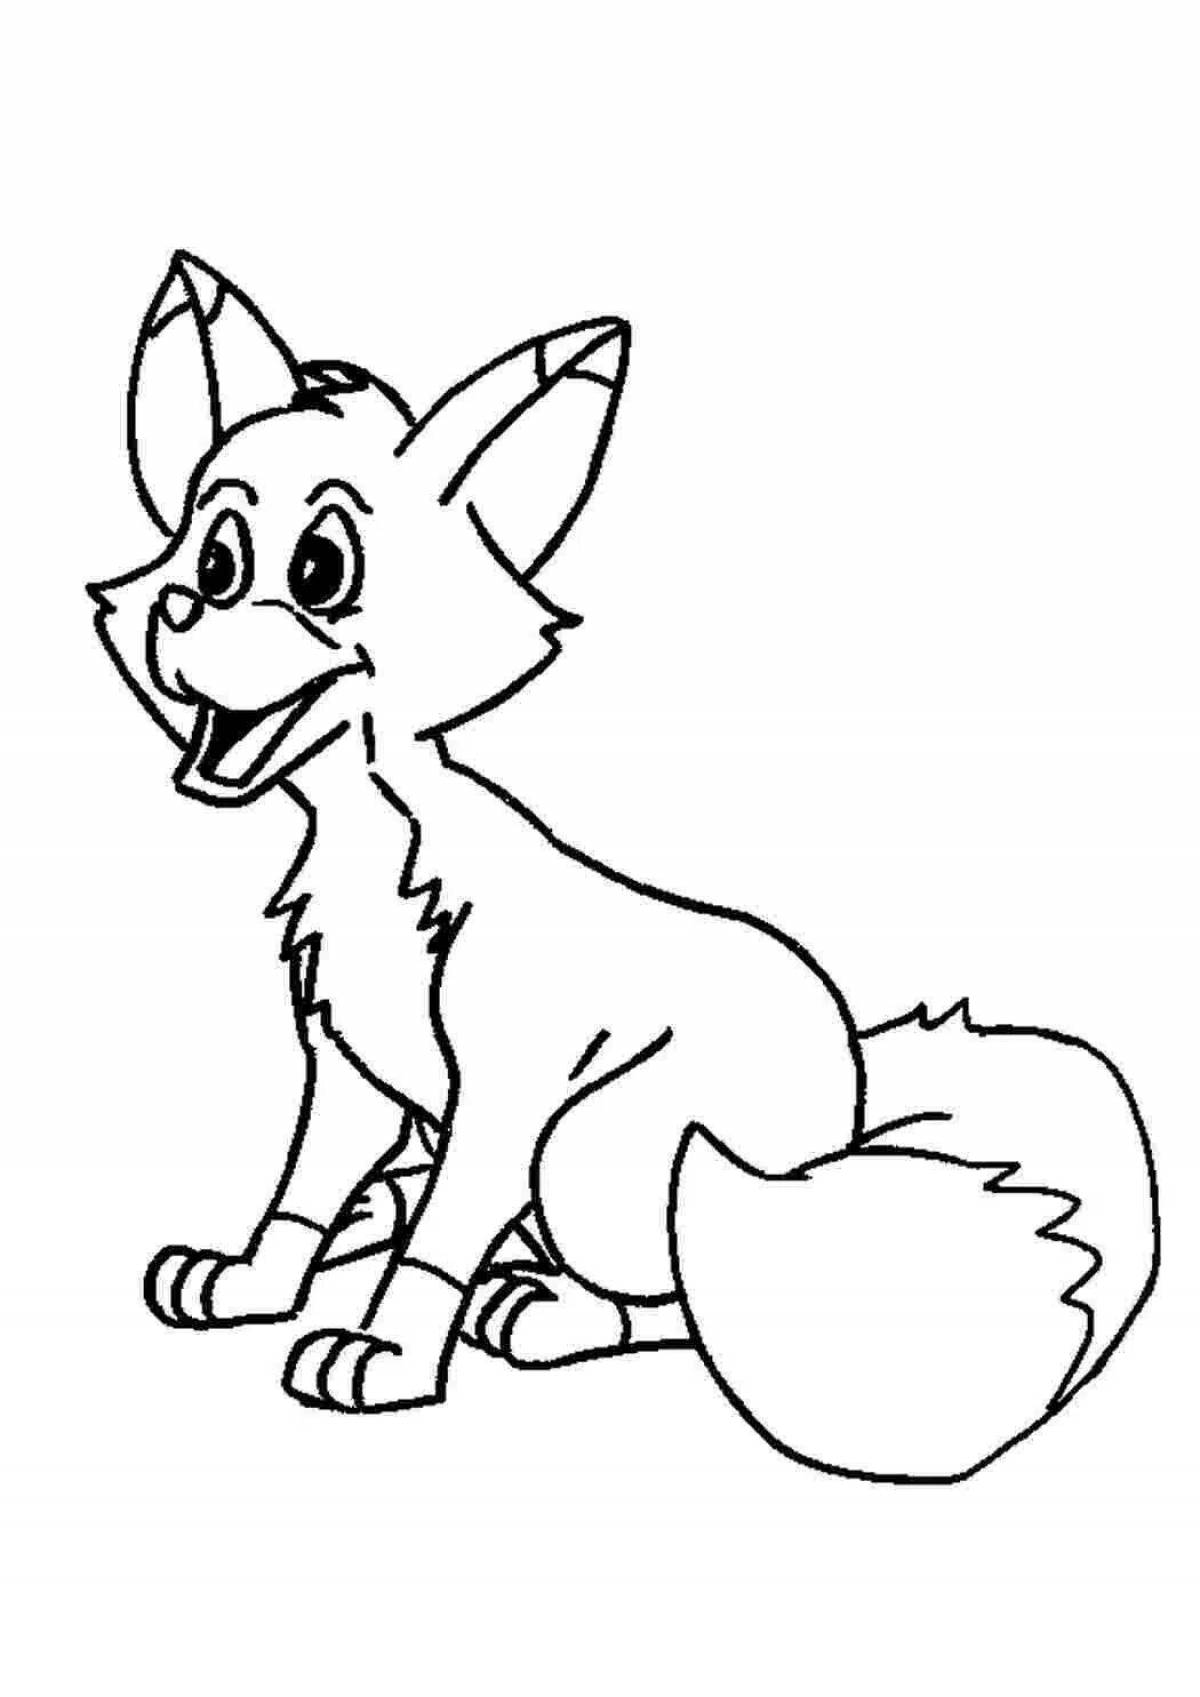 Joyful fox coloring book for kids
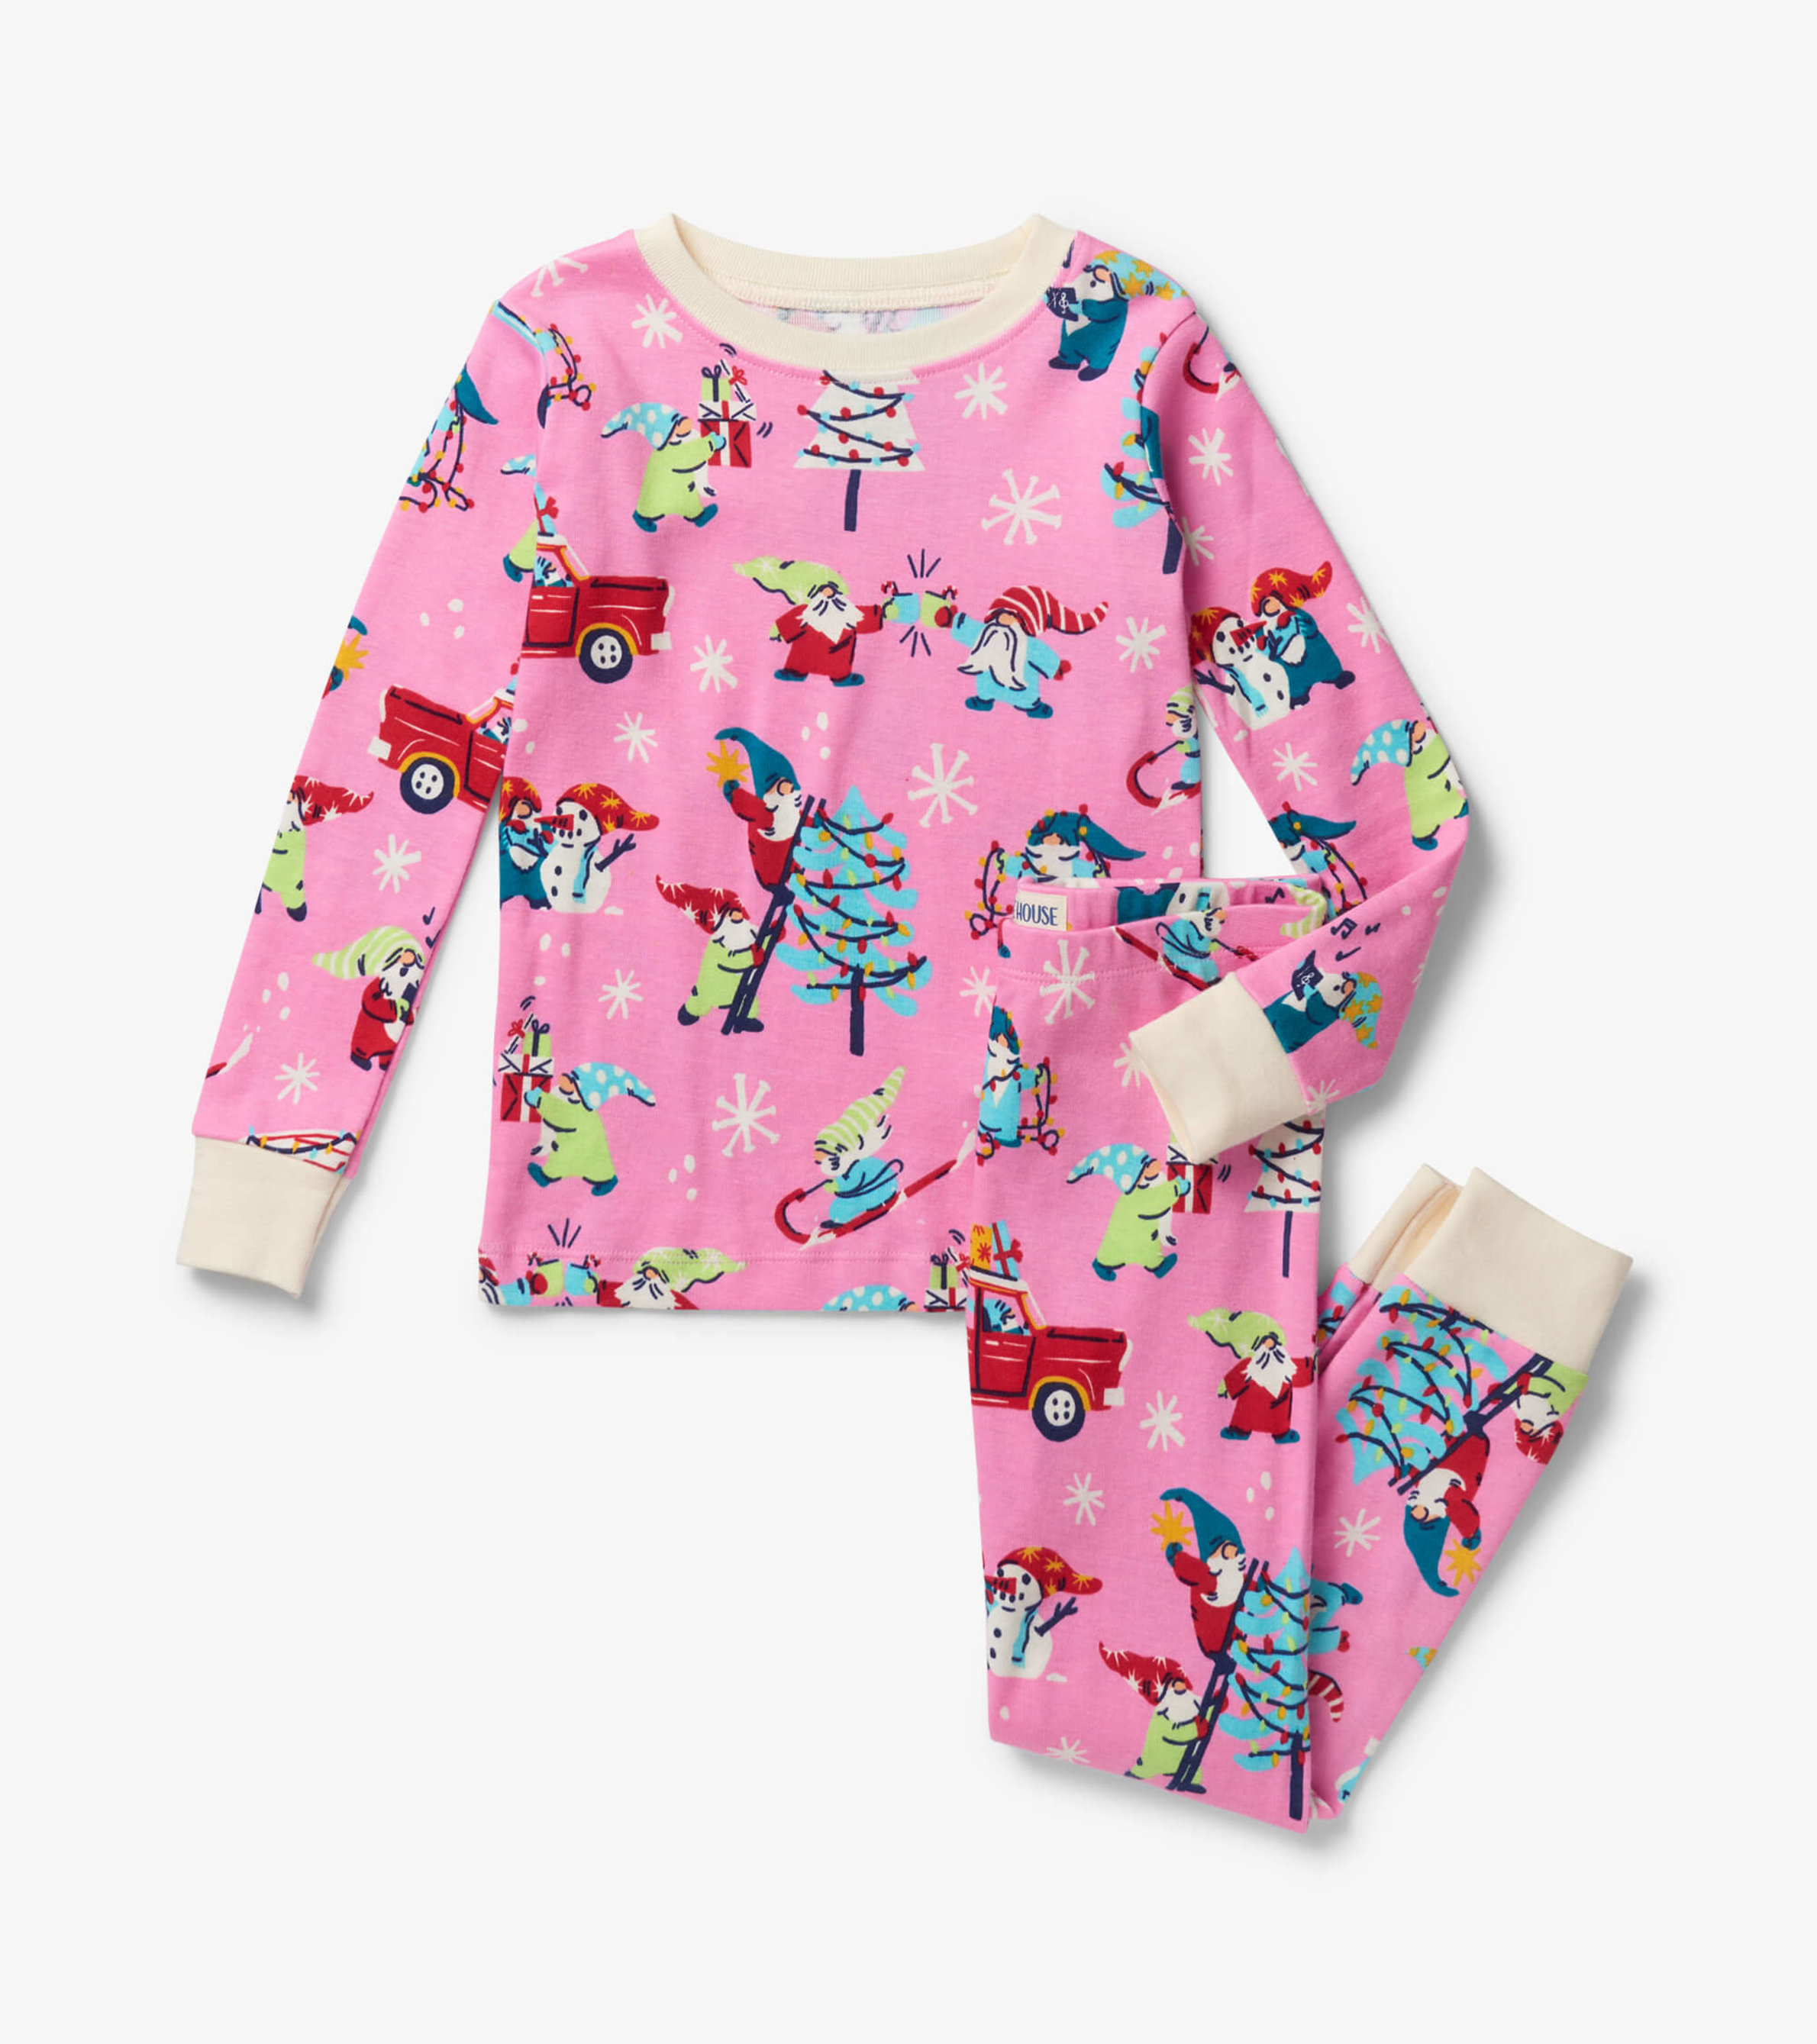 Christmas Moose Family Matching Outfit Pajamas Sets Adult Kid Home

--

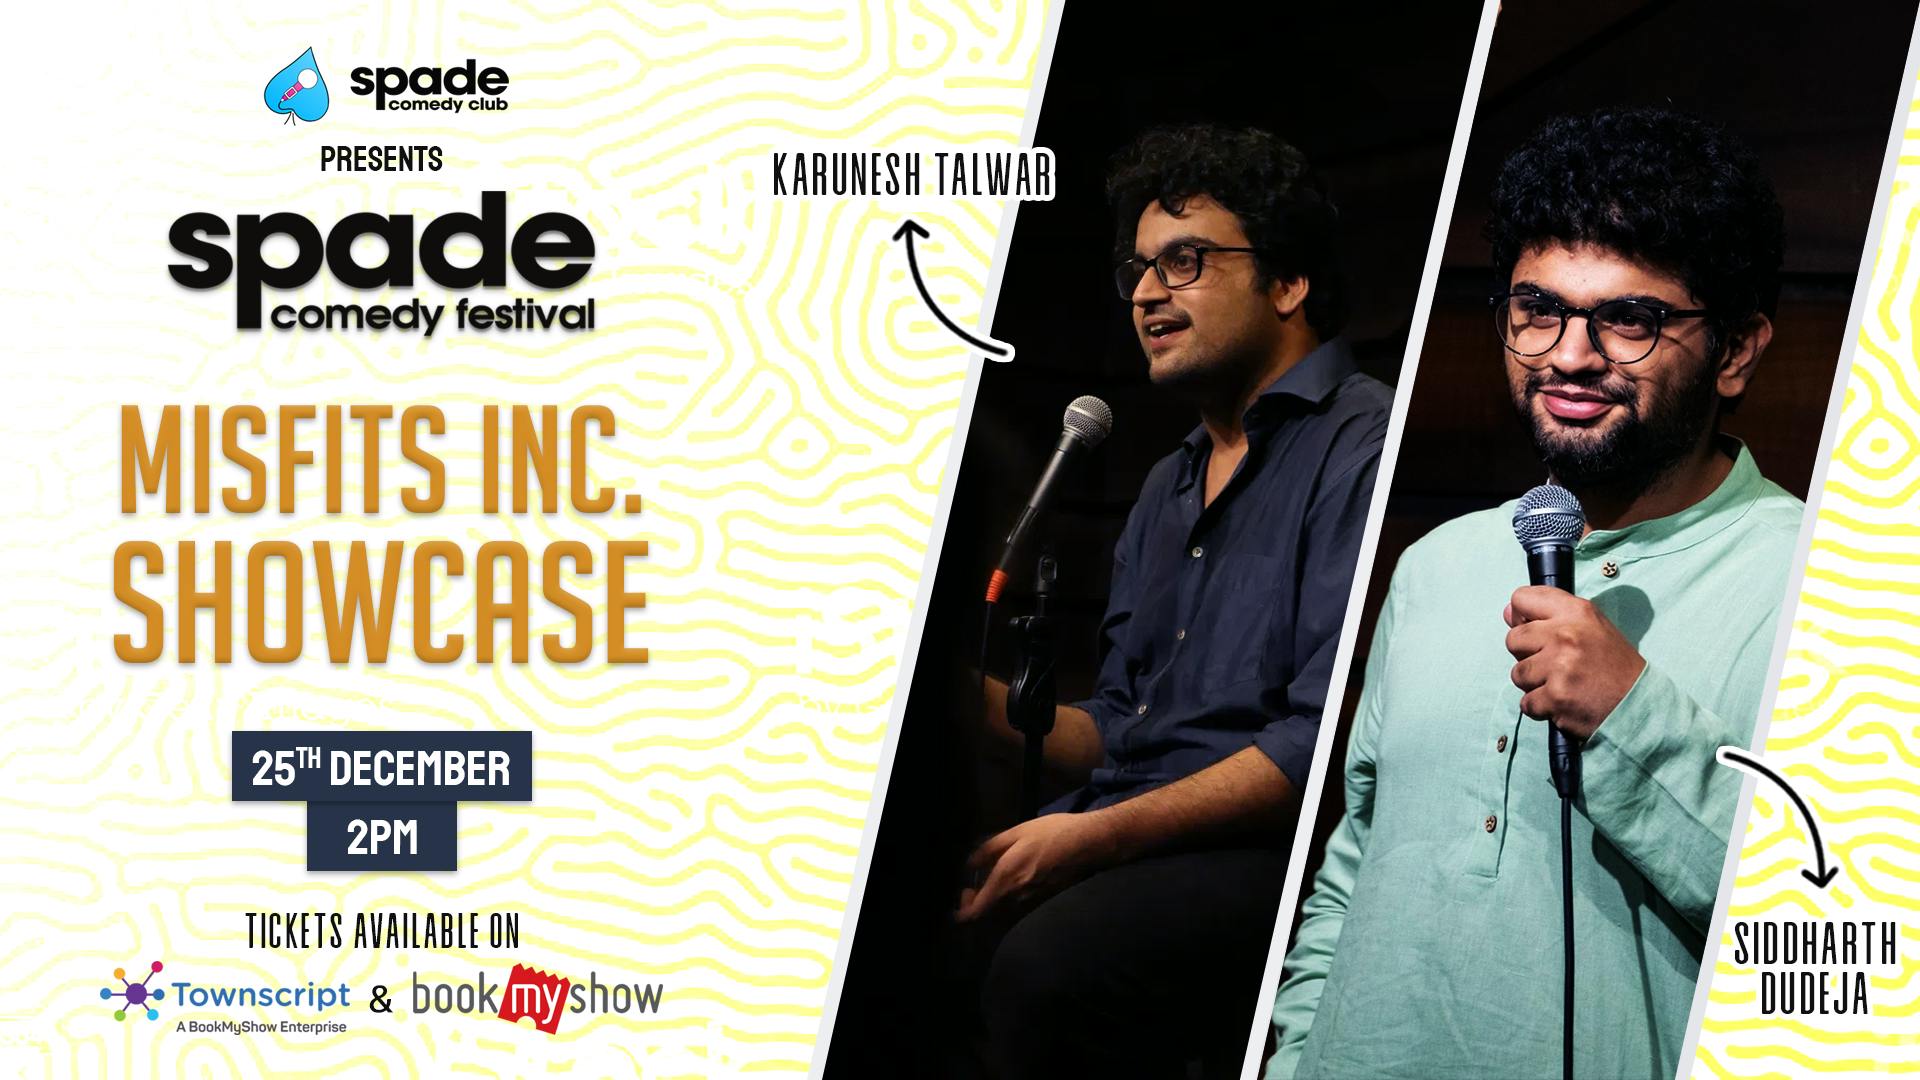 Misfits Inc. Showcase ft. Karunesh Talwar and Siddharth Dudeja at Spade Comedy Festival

==

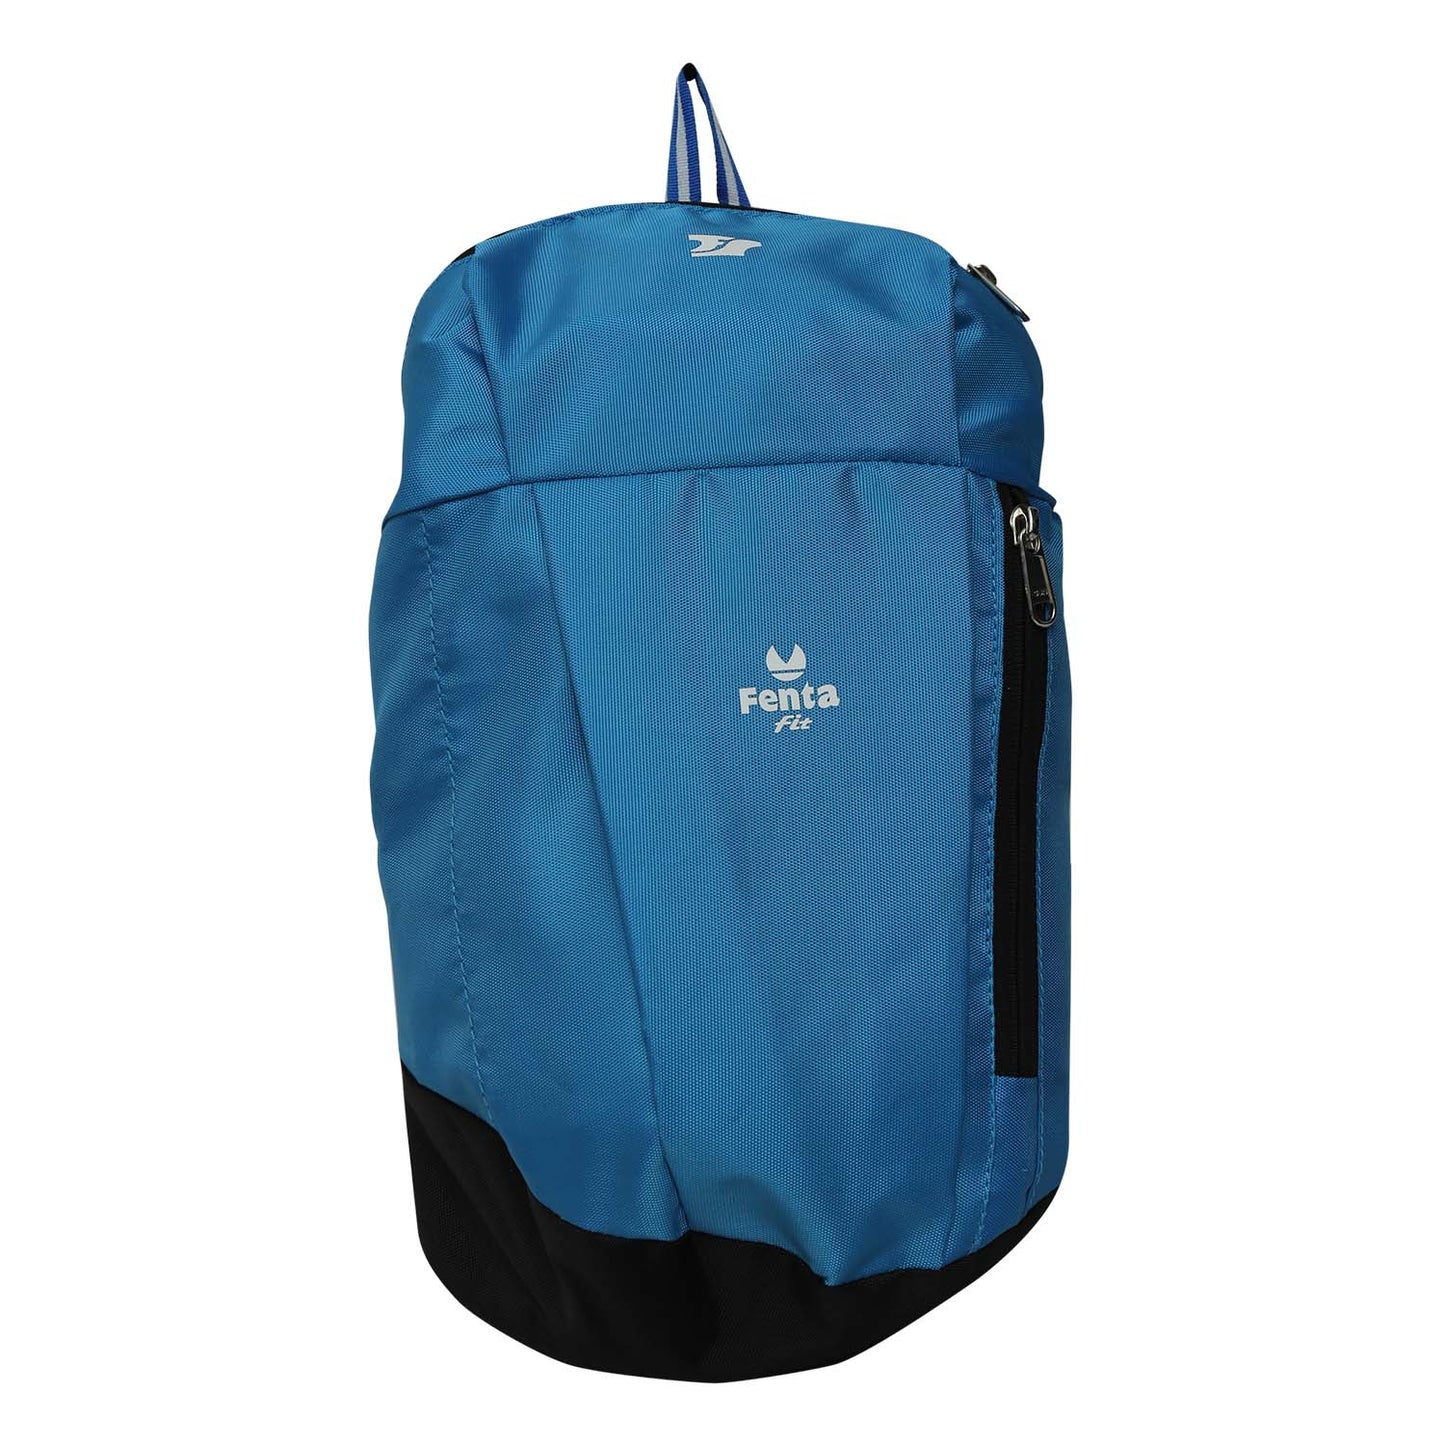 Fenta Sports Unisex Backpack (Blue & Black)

▶ _Task details_
Given the records above, return the lines starting at the one that holds "Joyful fox coloring book for kids" and ending at the one that holds "Christmas Moose Family", exactly, and nothing besides; leave every picture out.

▶ _Answer section_
 Joyful fox coloring book for kids
 Christmas Moose Family Matching Outfit Pajamas Sets Adult Kid Home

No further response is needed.